Hunterjumper, yes I do! Where have you seen us? Harley is one of two in Az, the other is a mare named Poppy. There is also a Fell/Welsh cross who is gorgeous.


----------



## Hunterjumper7654 (May 28, 2010)

Chey- I'm not sure where but it had to be him because it was a gelding haha. 
Horse lovers I think.


----------



## CheyAut (Nov 26, 2008)

Well cool  Say Hi if ya come across us again


----------



## faye (Oct 13, 2010)

mypony said:


> So what happens when a foal is born to registered parents and has some white on it? It can't be registered?


It can stil be registered but in a different section of the studbook and no offspring from it can be registered as purebred.
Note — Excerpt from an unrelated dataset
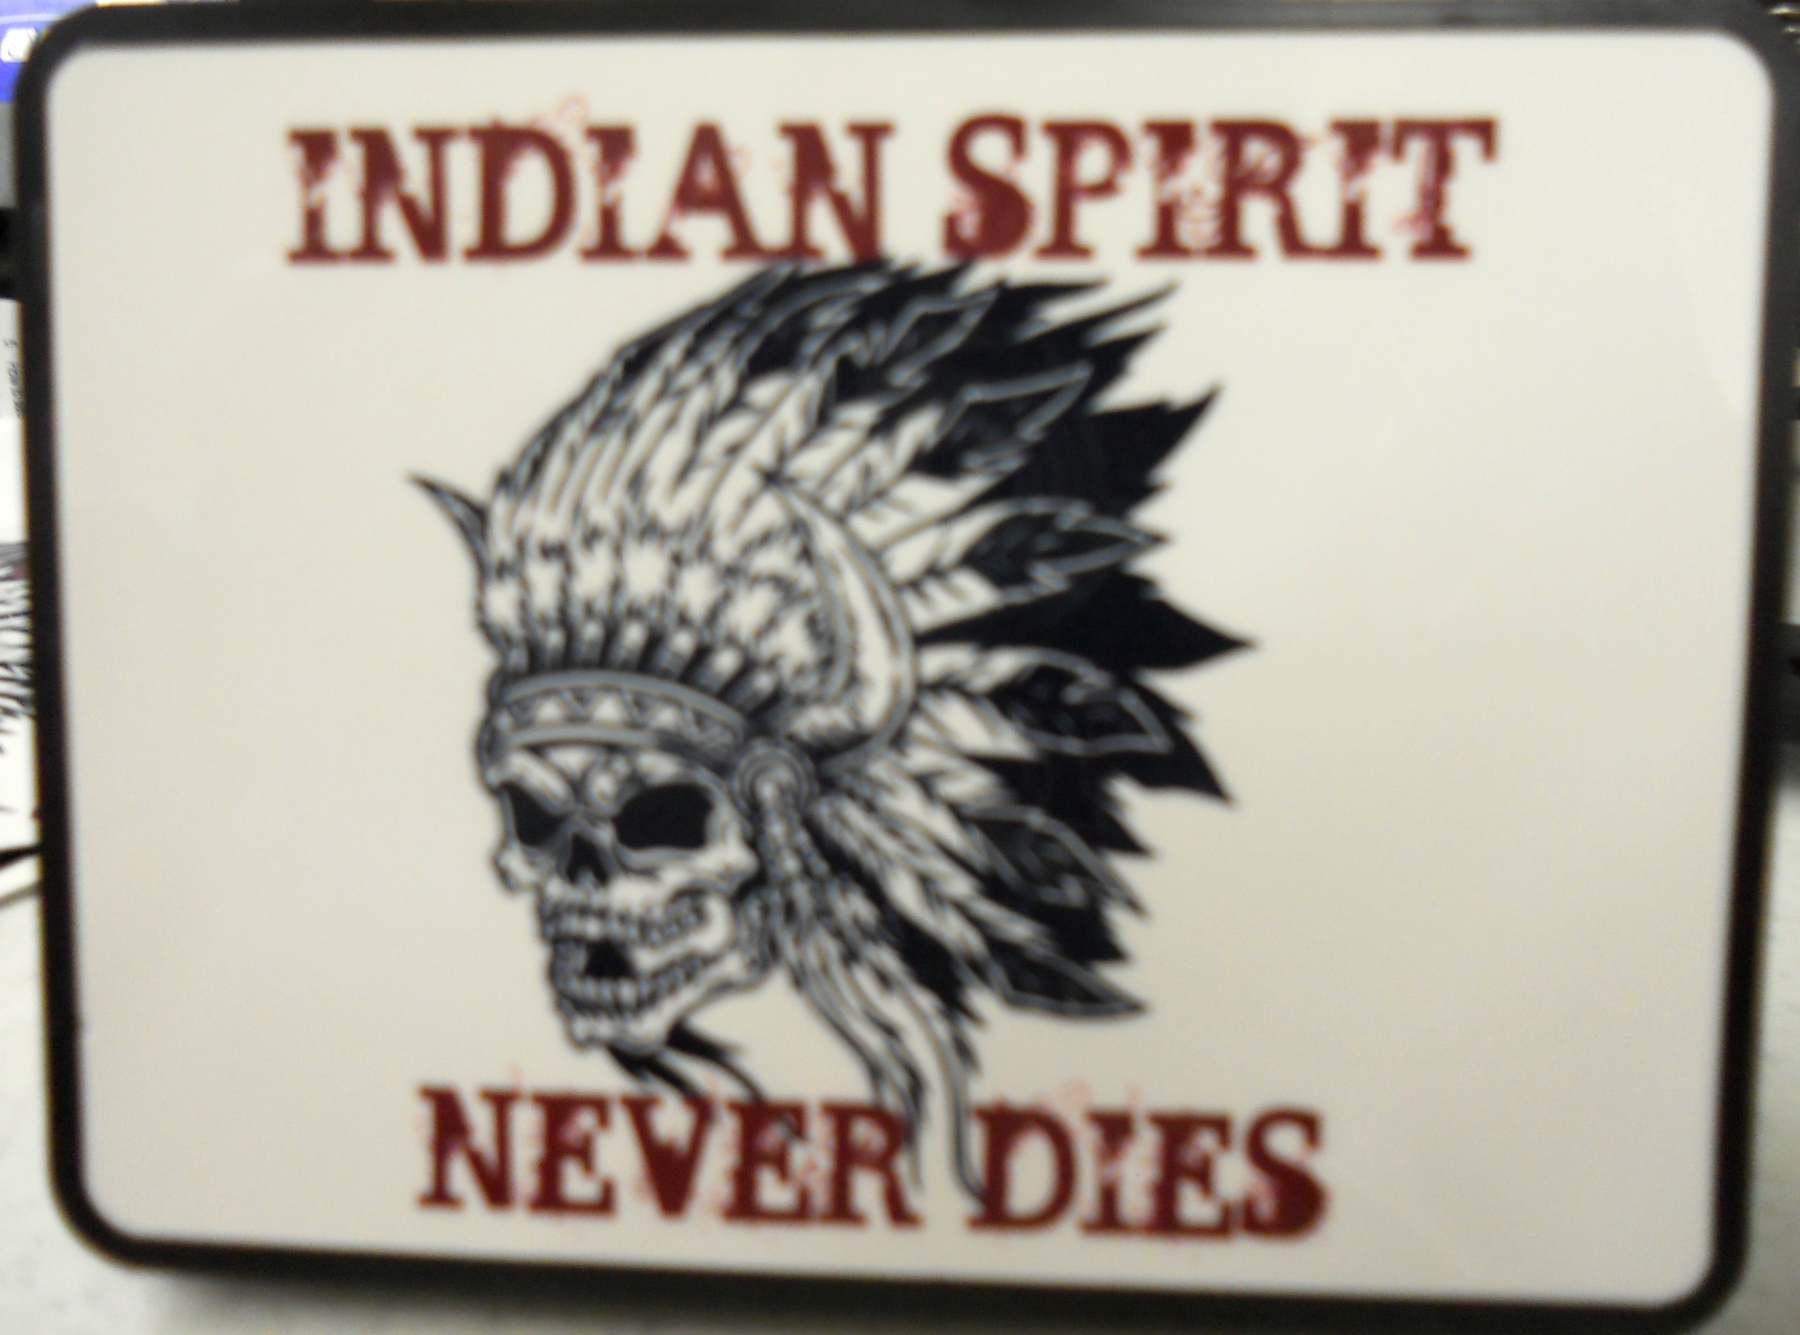 Indian Spirit Hitch cover made with sublimation printing

For example the connemara has 3 grades, 1, 2 and 3. Connies are automaticly put as grade 3 when they are born and remain there until inspected, grade 2 are generaly overheight connies or connies that dont meet the breed standard. Grade 1 connies are the 3+ yearold connies that have passed the inspection. 
Grade 2 (or grade 3 over the age of 3) connies go into the same section as the partbred and thier off spring can only be registered as partbreds.

The Fell breed society has similar. Fairly sure they call it the section X rather then grade 2 or 3


----------